When using parallel OpenMP code, computations with long double
variables are actually done in double
precision. The following example computes the machine epsilon (eps
) for long double
in several threads:
#include <stdio.h> #include <omp.h> int main(){ volatile long double eps[] = {1.0,1.0,1.0,1.0,1.0,1.0,1.0,1.0}, one_plus_eps[8]; int j; #pragma omp parallel for default(shared) private(j) for (j=0; j<8; j++) { //__asm__ ("fninit"); do { eps[j] /= 2.0; one_plus_eps[j] = 1.0 + eps[j]; } while (one_plus_eps[j] != 1.0); eps[j] *= 2.0; int id=omp_get_thread_num(); printf ("thread #%d,\teps=%LE\n", id, eps[j]); } return 0; }
Result: (compiled with Thread model: posix
gcc version 7.2.0 (Rev1, Built by MSYS2 project)
)
$ gcc -D__USE_MINGW_ANSI_STDIO=1 -fopenmp ldbl-omp.c -o a.exe && ./a.exe thread #1, eps=2.220446E-016 thread #0, eps=1.084202E-019 thread #2, eps=2.220446E-016 thread #1, eps=2.220446E-016 thread #0, eps=1.084202E-019 thread #3, eps=2.220446E-016 thread #2, eps=2.220446E-016 thread #3, eps=2.220446E-016
The correct value of epsilon for long double
of 1.08E-19 is obtained only in thread 0, all other threads compute the epsilon of double
precision.
The correct result can be obtained by uncommenting the instruction __asm__ ("fninit");
I'm actually investigating this; I discovered a couple bugs in the floating point environment functions that doesn't set the env properly. However I am still setting my build/test environment. I do have a question though to satisfy my curiosity what happens when you compile with -frounding-math -fsignaling-nans paramaters? (I'm not saying the results will be different, just that there may be a difference).

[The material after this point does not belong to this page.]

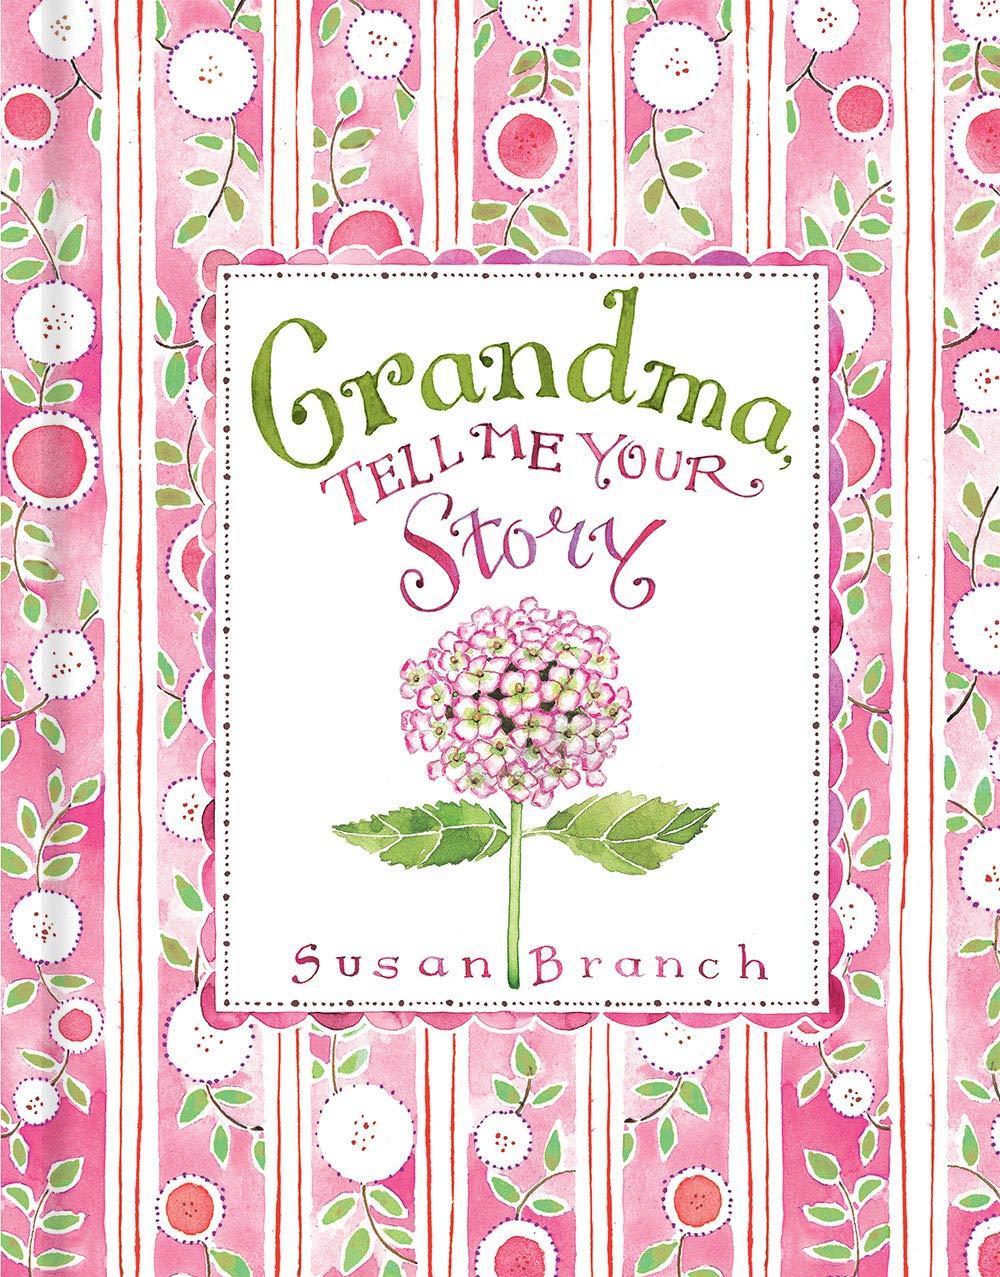 Grandma Tell Me Your Story Keepsake Journal
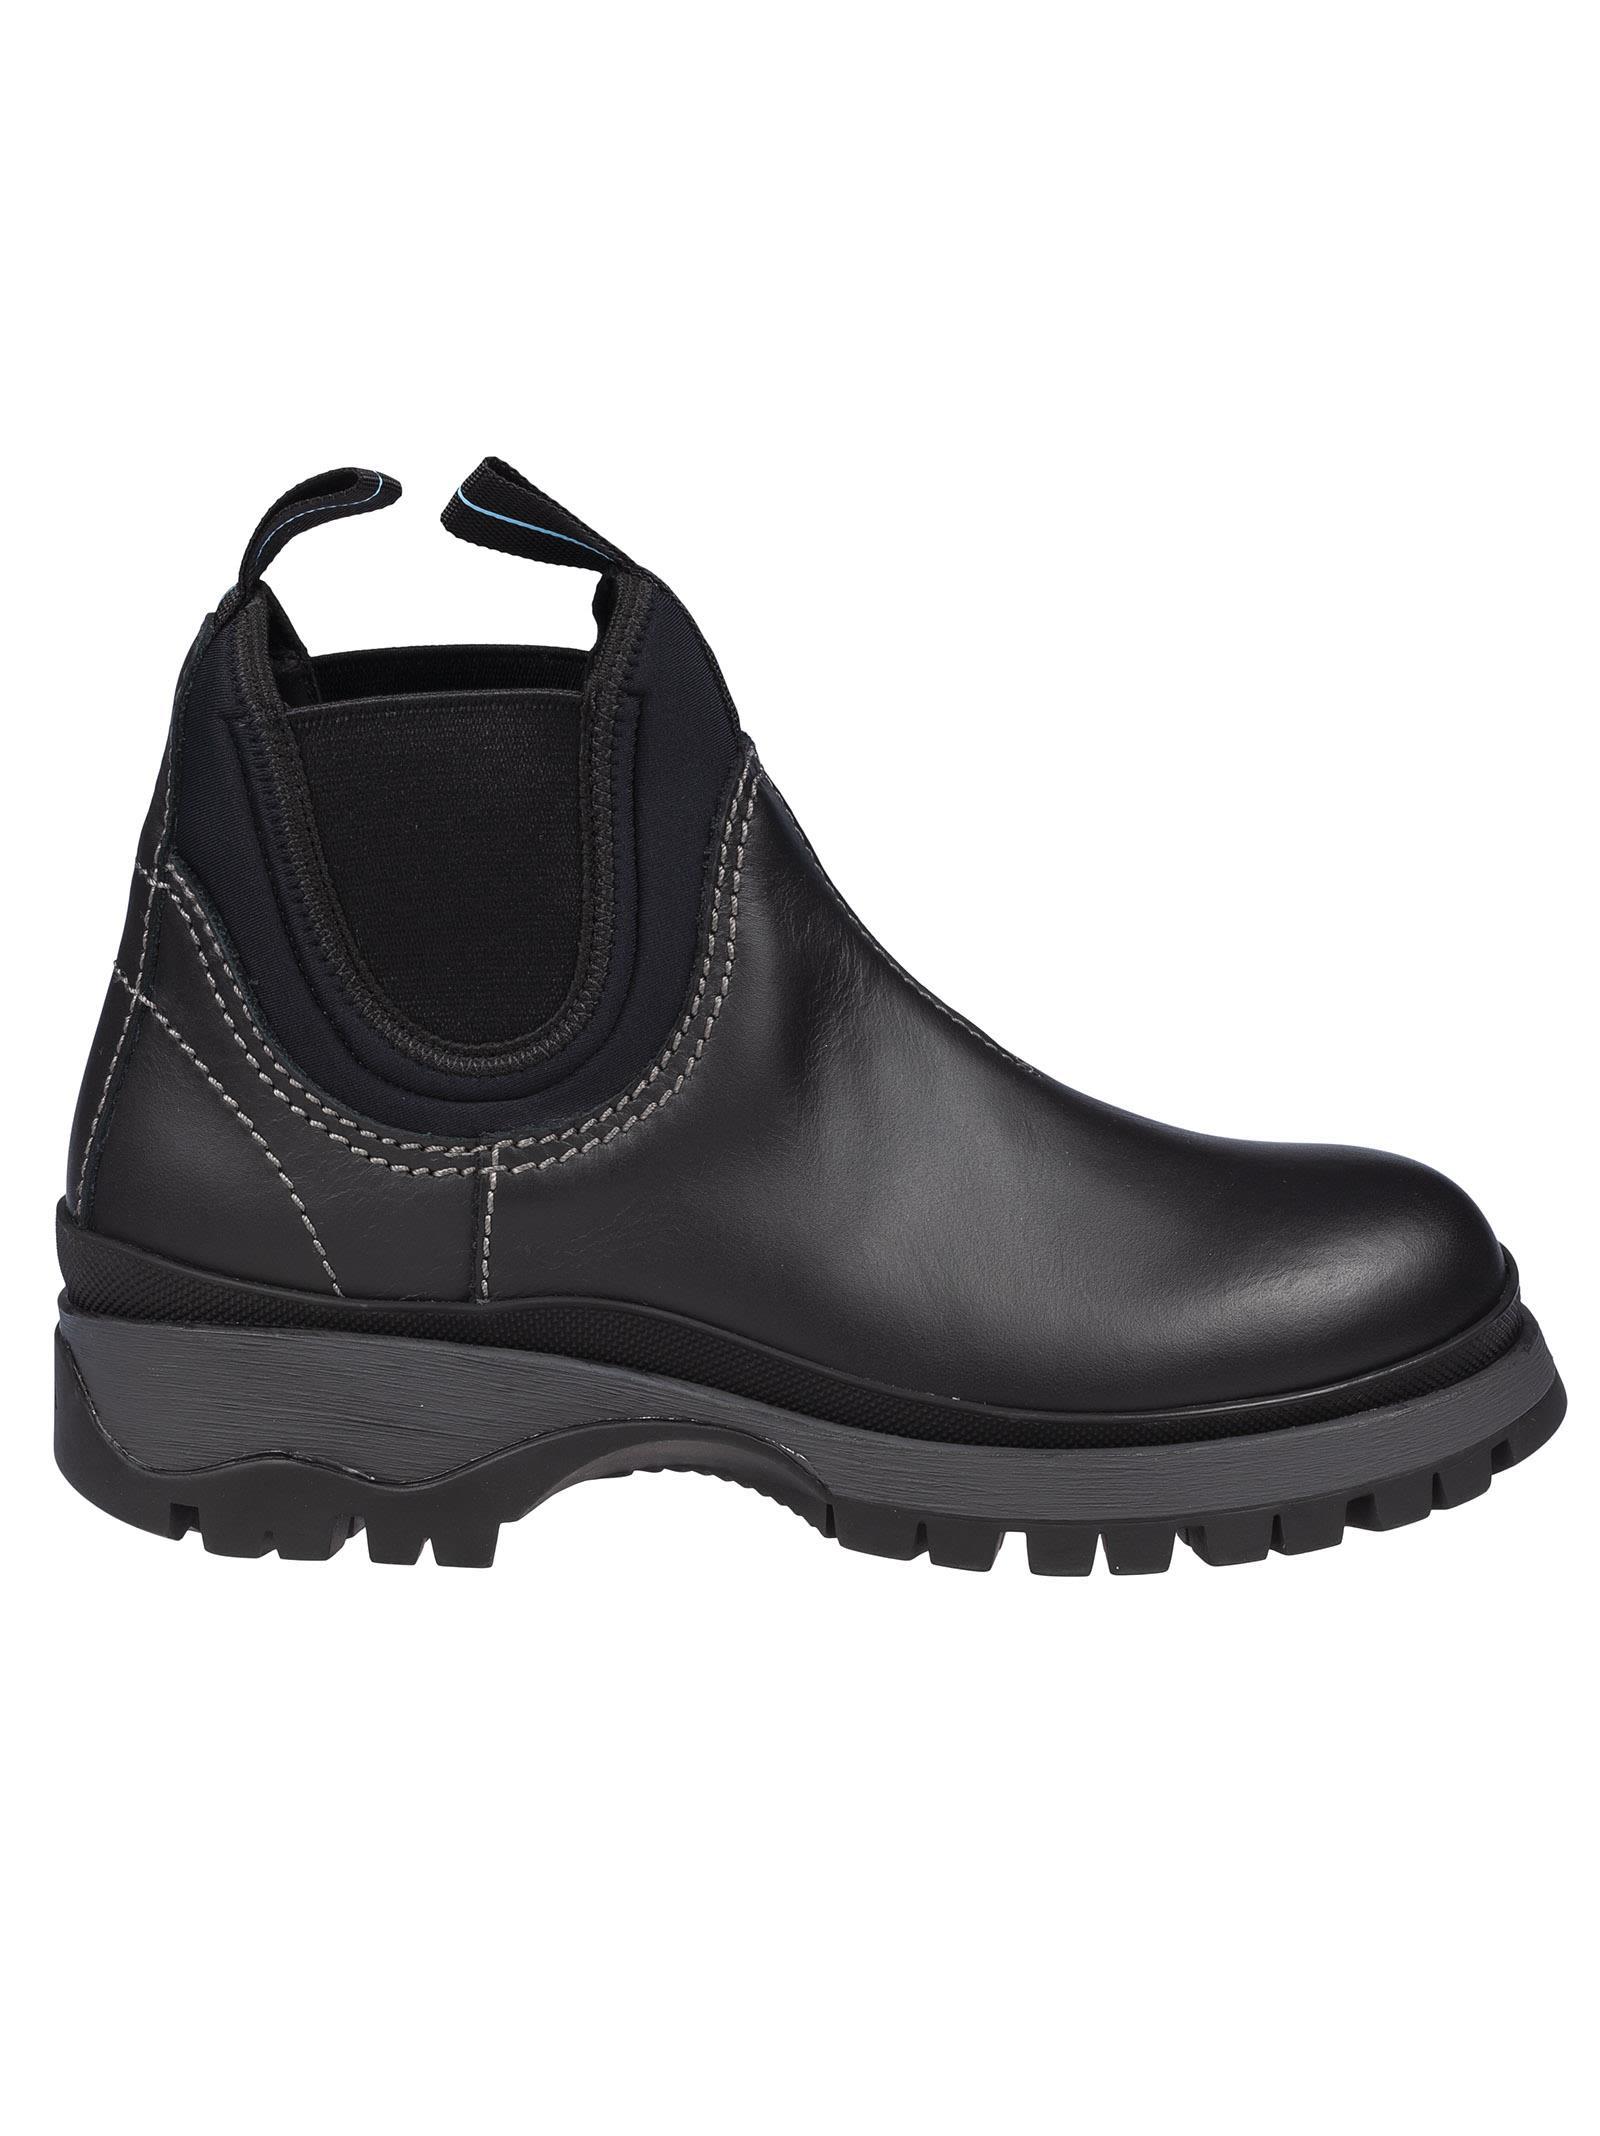 PRADA | Prada Chunky Chelsea Boots | Clouty

Also, I can't tell if you're compiling x86 or x64 code; there is a huge difference...if x86 code, can you see if there is a difference if you compile with '-mpfmath=sse -msse2" . Note, x64 is irrelevant.
(this will at least let me try and narrow things down)
I compiled x64 code. The flags
-frounding-math -fsignaling-nans
do not make any difference.When I compile x86 code (in the MSYS2 MINGW32 evironment), I get the same results. Also, neither
-mpfmath=sse -msse2
nor-frounding-math -fsignaling-nans
nor using both changes the result for me.Well, the problem is that for new created threads we don't set the floating point environment. Even worse, we let msvcrt do the wrong thing (which resets it to its own settings).
By using winpthread with recent fix, this issue is resolved for all cases you are using pthread API to create the thread, but not in general ...
It might be a way to use our TLS routines in an executable. The problematic part is here that our code is used in DLL, which is used in a VC executable (or the other way around). As in such scenarios the FPU environment setting is for sure always wrong for one side.